Abstract

Ozone (O3) is the predominant oxidant air pollutant associated with airway inflammation, lung dysfunction, and the worsening of preexisting respiratory diseases. We previously demonstrated the injurious roles of pulmonary immune receptors, tumor necrosis factor receptor (TNFR), and toll-like receptor 4, as well as a transcription factor NF-κB, in response to O3 in mice. In the current study, we profiled time-dependent and TNFR- and NF-κB-regulated lung transcriptome changes by subacute O3 to illuminate the underlying molecular events and downstream targets. Mice lacking Tnfr1/Tnfr2 (Tnfr-/-) or Nfkb1 (Nfkb1-/-) were exposed to air or O3. Lung RNAs were prepared for cDNA microarray analyses, and downstream and upstream mechanisms were predicted by pathway analyses of the enriched genes. O3 significantly altered the genes involved in inflammation and redox (24 h), cholesterol biosynthesis and vaso-occlusion (48 h), and cell cycle and DNA repair (48–72 h). Transforming growth factor-β1 was a predicted upstream regulator. Lack of Tnfr suppressed the immune cell proliferation and lipid-related processes and heightened epithelial cell integrity, and Nfkb1 deficiency markedly suppressed lung cell cycle progress during O3 exposure.
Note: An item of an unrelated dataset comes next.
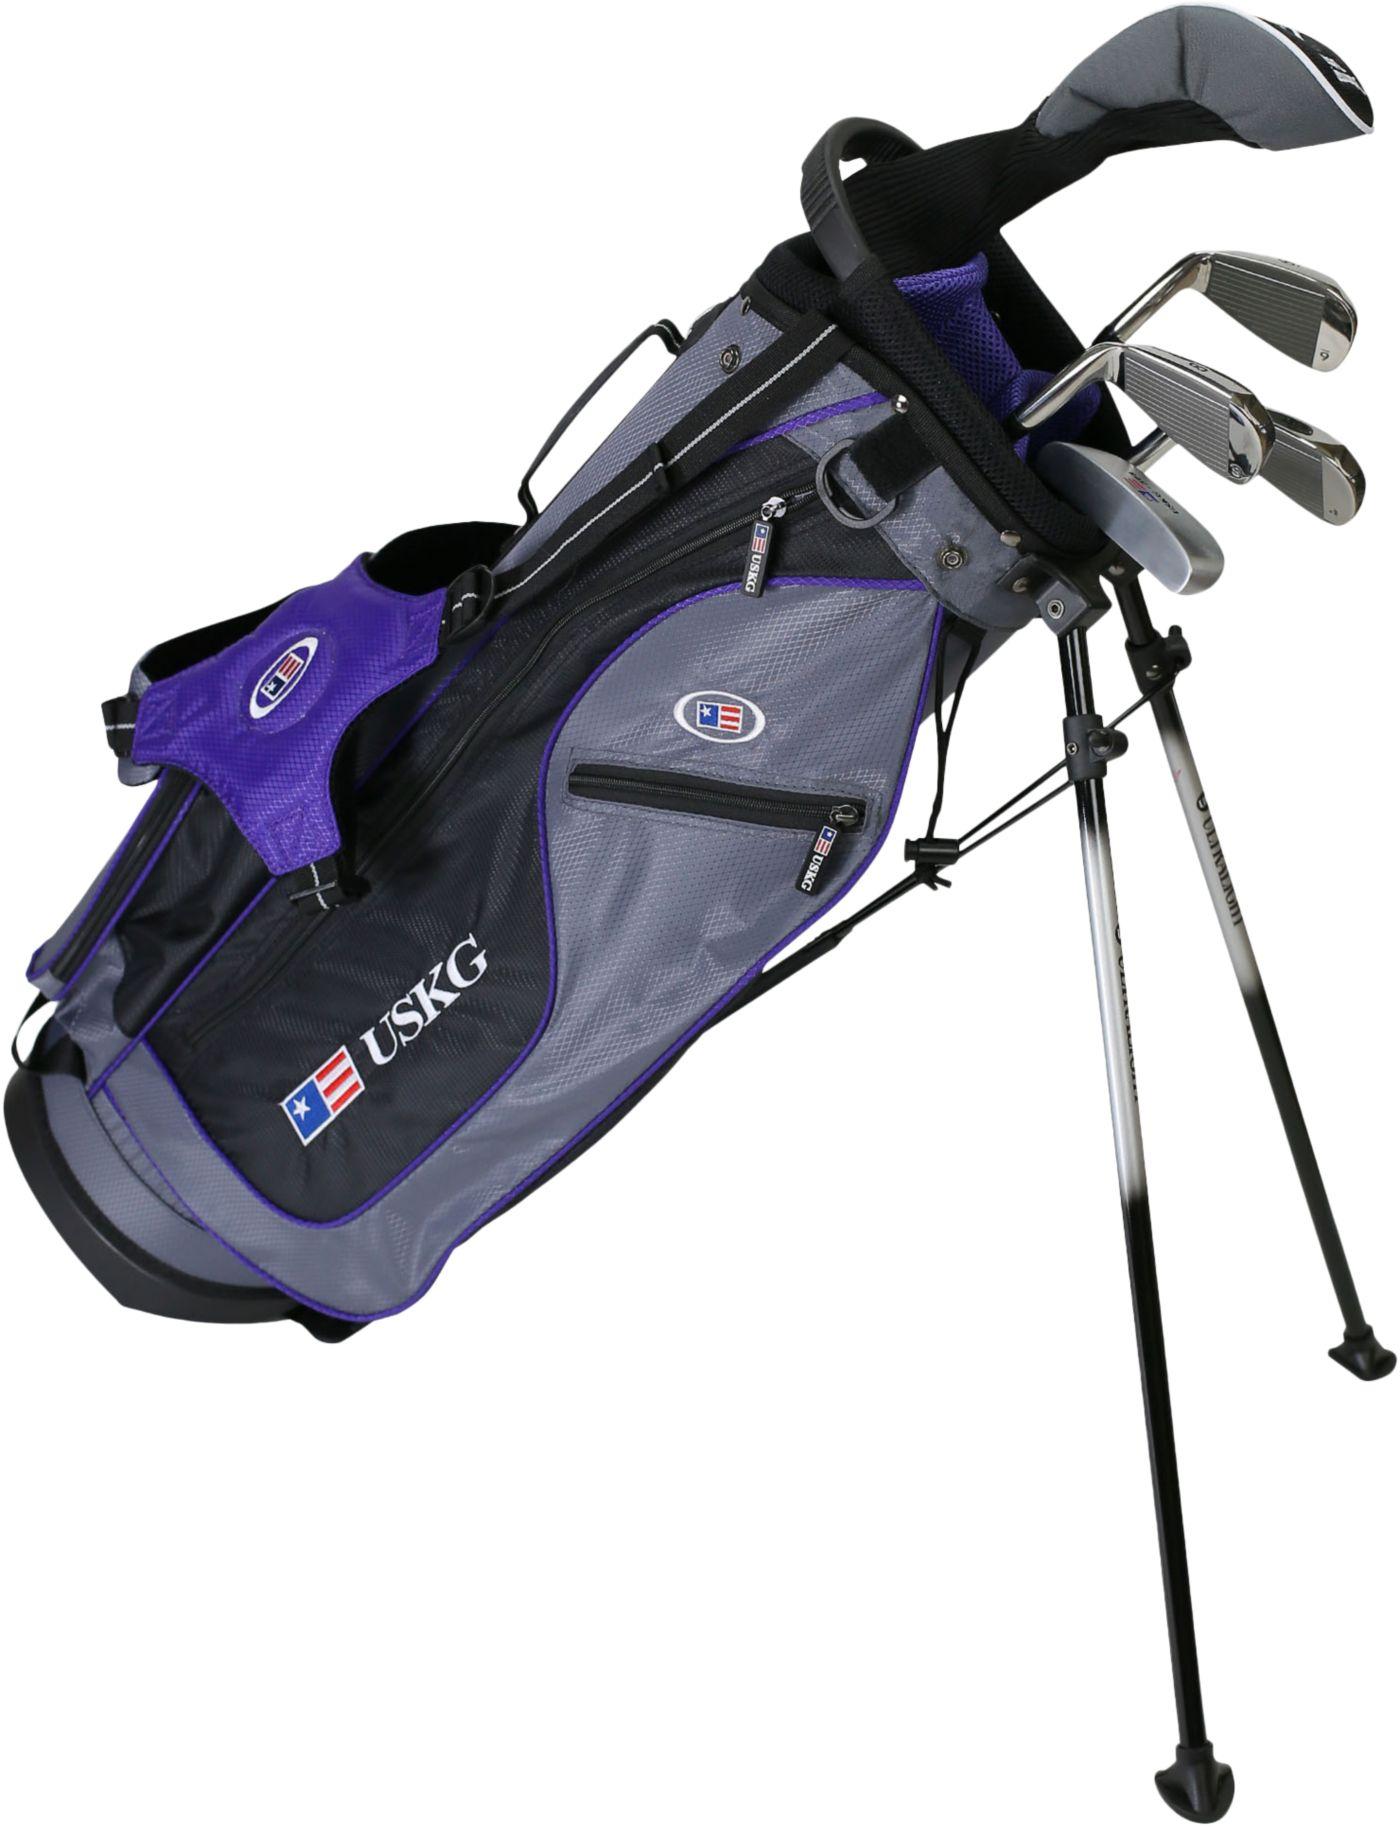 "U.S. Kids Golf Ultralight Complete Set (Height 54'' – 57"")"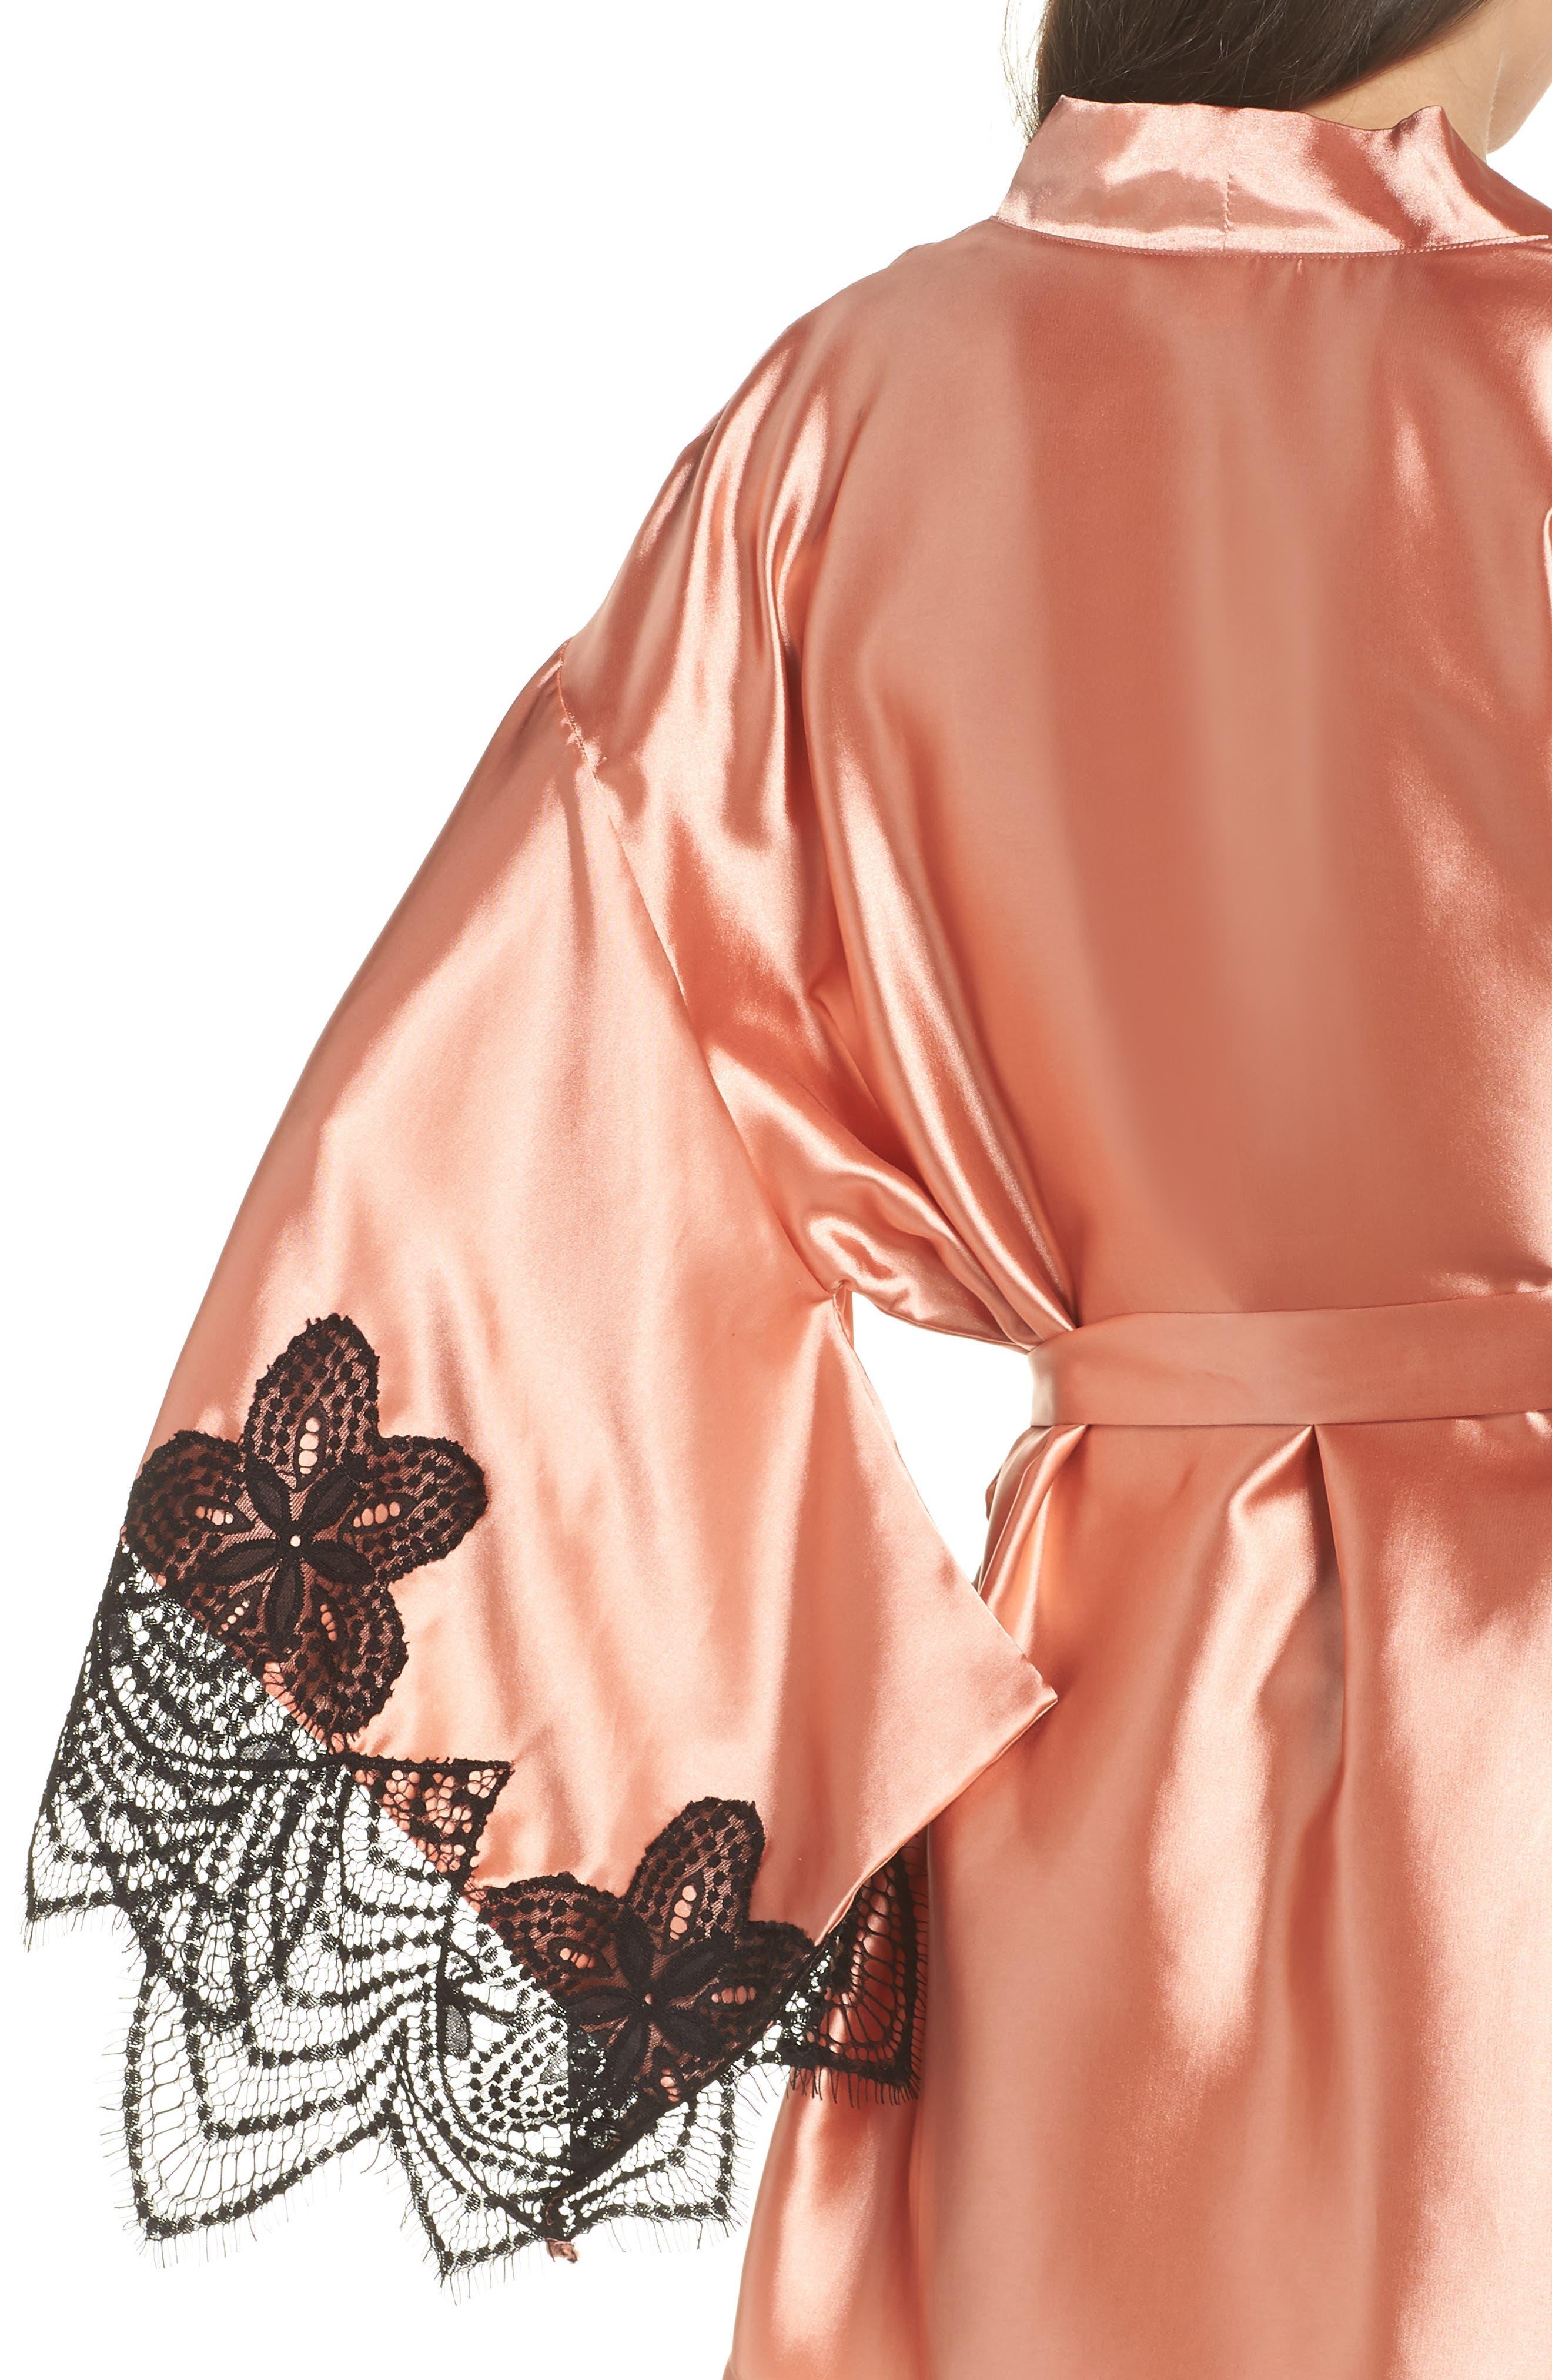 Drama Lace Trim Satin Robe,                             Alternate thumbnail 4, color,                             CAMEO BROWN/ BLACK

Common differentially regulated genes by TNFR and NF-κB1 (e.g., Casp8, Il6, and Edn1) were predicted to protect the lungs from cell death, connective tissue injury, and inflammation. Il6-deficient mice were susceptible to O3-induced protein hyperpermeability, indicating its defensive role, while Tnf-deficient mice were resistant to overall lung injury caused by O3. The results elucidated transcriptome dynamics and provided new insights into the molecular mechanisms regulated by TNFR and NF-κB1 in pulmonary subacute O3 pathogenesis.

Highlights

  • Ozone (O3 ) is a highly reactive gaseous oxidant air pollutant

  • Controlled O3 exposure to healthy volunteers and experimental animals elicit a number of pathophysiological effects, which include airway inflammation accompanied by airway hyperresponsiveness, chemokine/cytokine production, mucus overproduction and hypersecretion, reactive oxygen species production, decrements in pulmonary function, altered immune status, and epithelial damage and compensatory proliferation predominantly

  • Pulmonary O3 responses were augmented by metabolic disorders, including obesity and diabetes in humans, as well as in experimental animals [8,9,10], and association of air pollution and increased risk of diabetes was reported in humans and mice [11,12]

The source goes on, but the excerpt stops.